God, from what I've written, you must think I spend my spare time self-destructing. No, I don't self-harm. It hurts, after all, and I have enough pain to feel without adding to it. I think some days are just worse than others, and today's one of those days where I think it'd be poetic if rain poured incessantly and a flood washed over the entire city.
Then I'd probably drown, and I don't think I'd like the feeling of fluid in my lungs, but metaphorically I'd like to drown my thoughts.

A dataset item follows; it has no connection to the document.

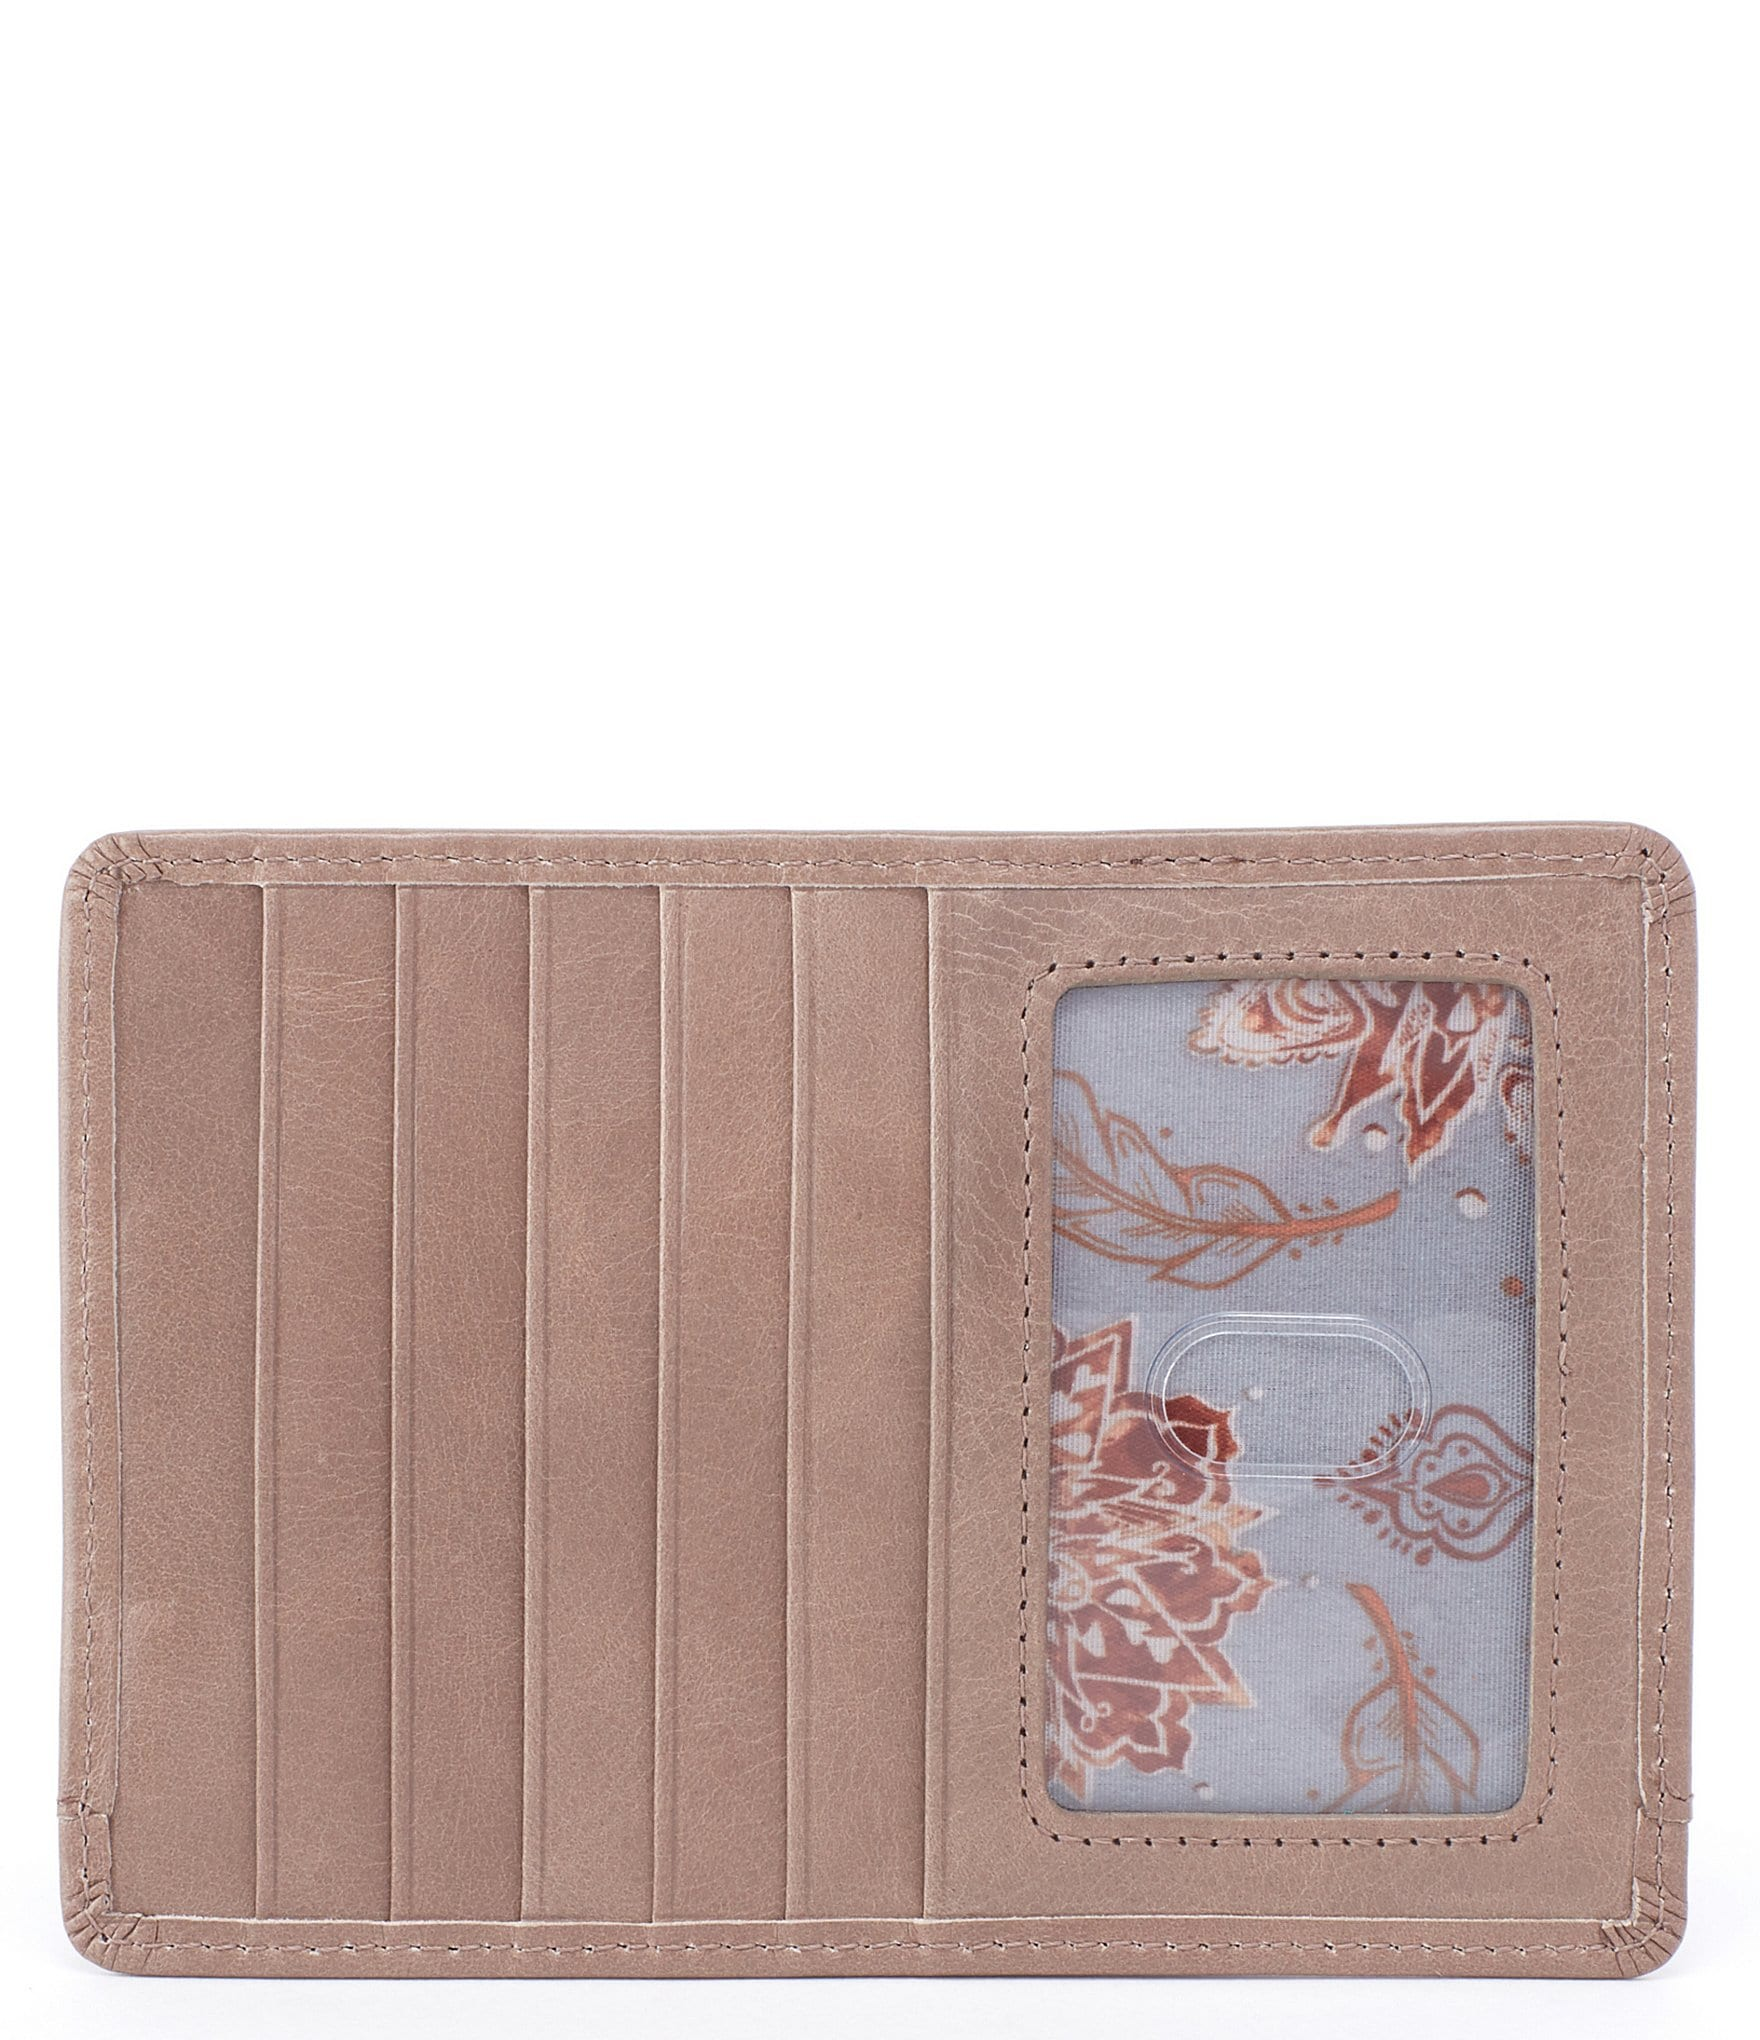 Leather Passport Case - SURVIVOR RIBBON PASSPORT by VIDA VIDA AITvg0TpQf

People say your memory gets worse as you get older; and I always thought I had a good memory, I just wasn't remembering what was important, and I seemed to have no choice in what I recalled. Memory for me, is about reinforcement. I think information is imprinted just fine, but if I don't recall it often enough, it just gets lost with time and it's just... not helpful. I don't think I have amnesia per se, but wouldn't it be nice to forget everyone and thus forget all the things people have imposed on me?
I need to go to bed. When I suffer sleep deprivation my mood changes to something frightfully depressing. I haven't slept in so long I'm starting to feel cold.